November 2022 Volume 4
EQUIPMENT & TECHNOLOGY
Decarbonization through Heat Recovery and Hydrogen Fuels From a decarbonization perspective, heat recovery provides a significant benefit in that it simultaneously decreases CO2 emissions and fuel cost by improving process efficiency. Furnace efficiency can be expressed in terms of percent available heat, which represents the best possible furnace efficiency. %Available Heat = available heat ⁄gross heat input
The Sankey Diagram in Figure 3 shows that available heat is equal to the gross heat input minus all flue gas losses. It represents the sum of the heat to the load and all other losses. By extracting energy from the exhaust gases and using it to preheat the combustion air or furnace load, heat recovery minimizes the amount of gross heat input required, and, therefore, increases the percent available heat of the process.
Figure 3: Sankey Diagram showing the heat balance in a furnace.

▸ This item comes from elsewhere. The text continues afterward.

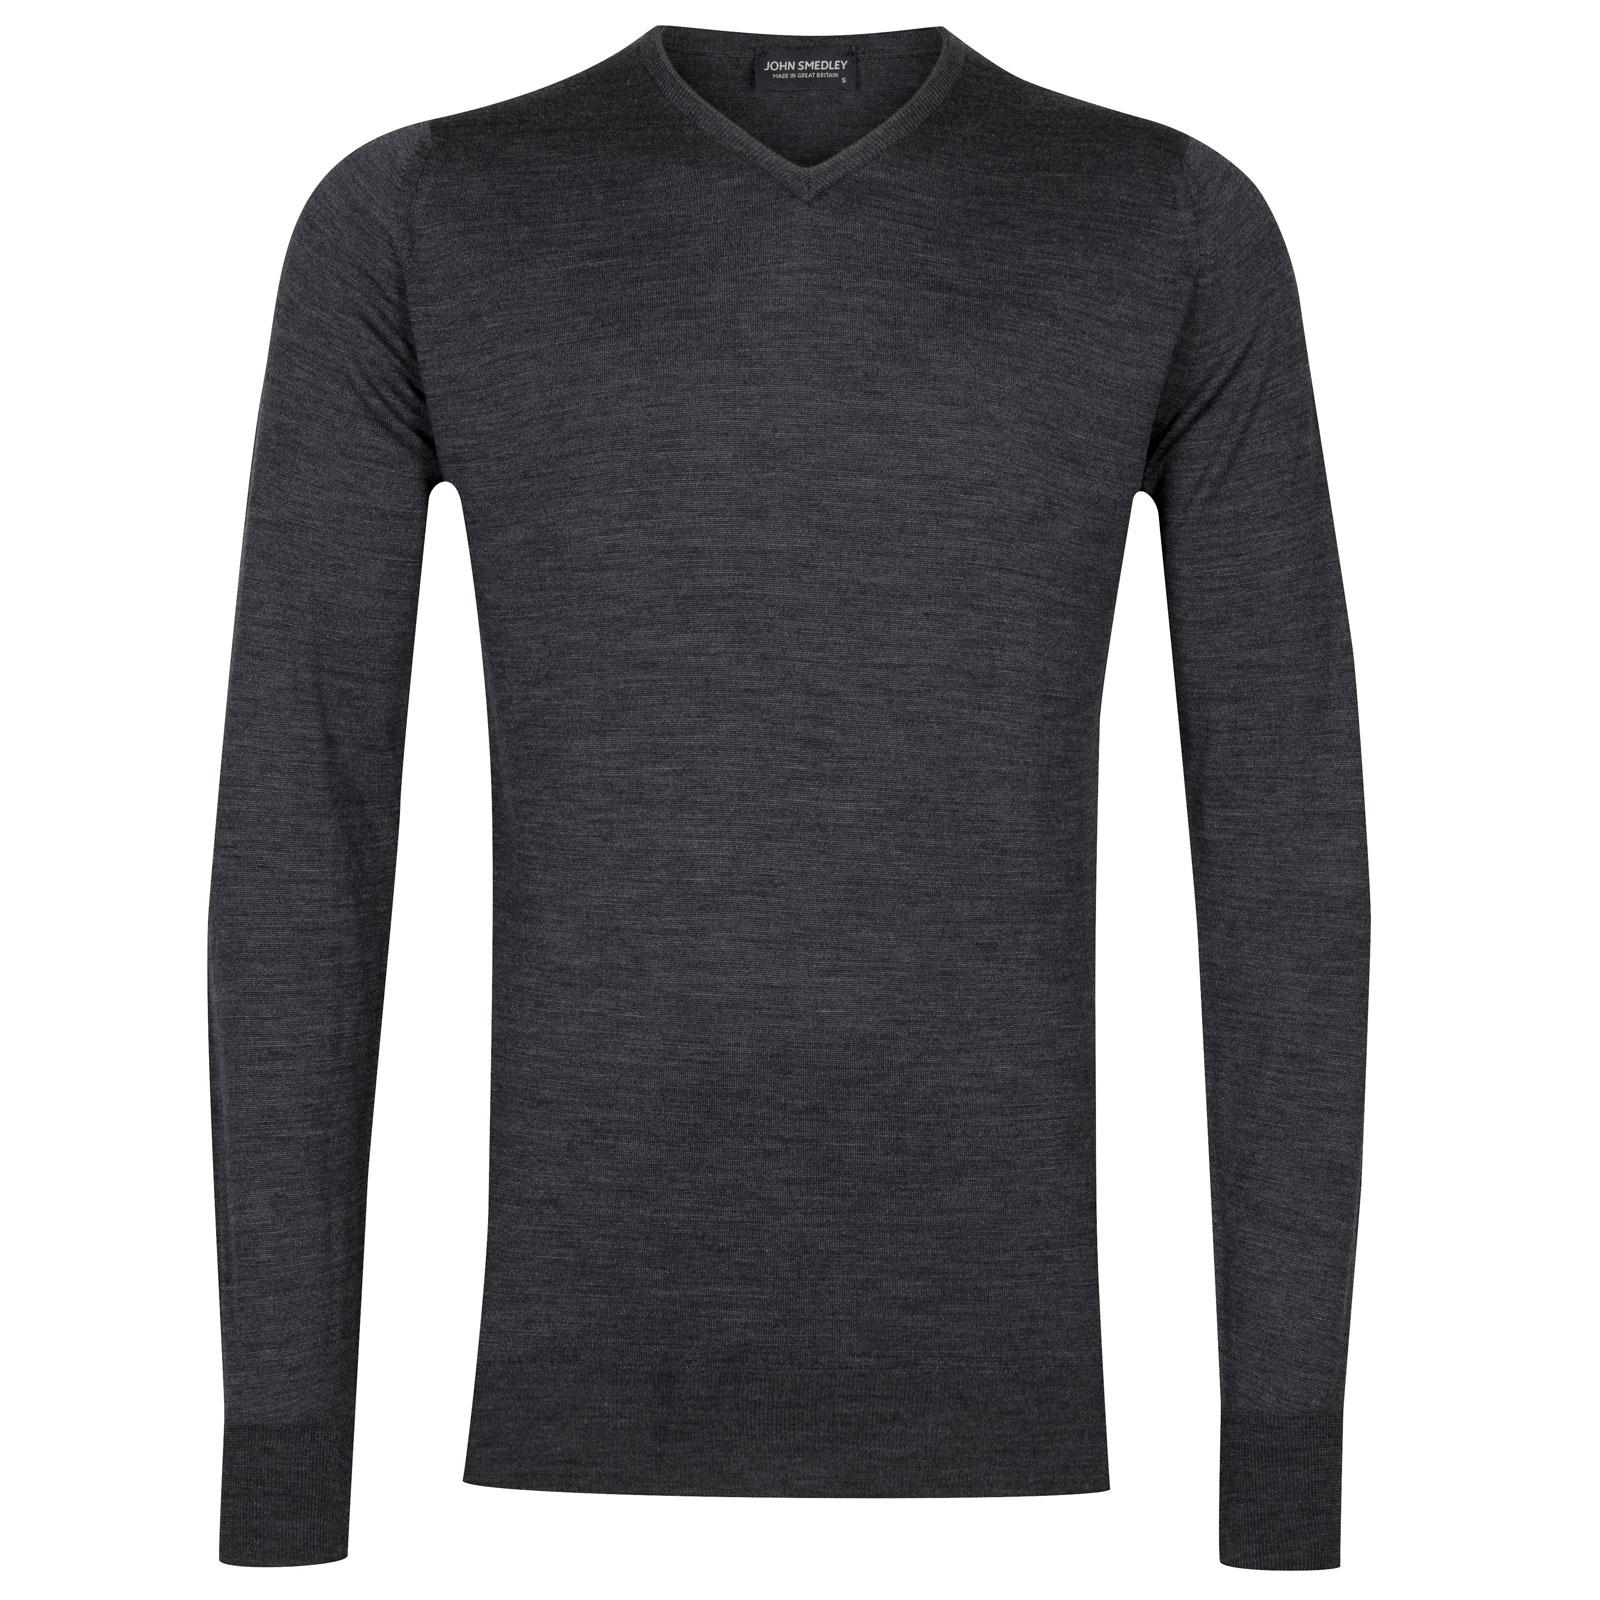 John Smedley shipton Merino Wool Pullover in Charcoal-M

Regenerative burners use heat recovery to provide up to a 45% decrease in fuel consumption and CO2 emissions compared to a cold air, natural gas system. Achieving the same reduction in CO2 emissions without heat recovery would require 72% hydrogen by volume blended with natural gas. Regenerative burners can be retrofitted to an existing furnace. However, if the goal is to eliminate all CO2 emissions from the combustion system, hydrogen will eventually need to be introduced. The most significant benefit of regenerative burners is the reduction in fuel consumption, which results in lower CO2 emissions as well
as improved fuel costs. Figure 4 compares the cost range of CO2 reduction with hydrogen fuels on a cold air system (purple) and the cost range of CO2 reduction with hydrogen fuels on a regenerative system (grey). With relatively minimal hydrogen blending, regenerative burners can provide a significant decrease in CO2 emissions. For example, a hydrogen blend having a median fuel cost of $30 per MMBtu (million BTU) available to the process would improve CO2 emissions by about 10% for a cold air system but 65% for a regenerative system. Furthermore, as the level of hydrogen in the fuel increases, high efficiency regenerative burners mitigate the progressively high fuel cost.
Figure 4: Comparison of fuel operating expense with cold air and North American TwinBed® II regenerative hydrogen-fired combustion systems.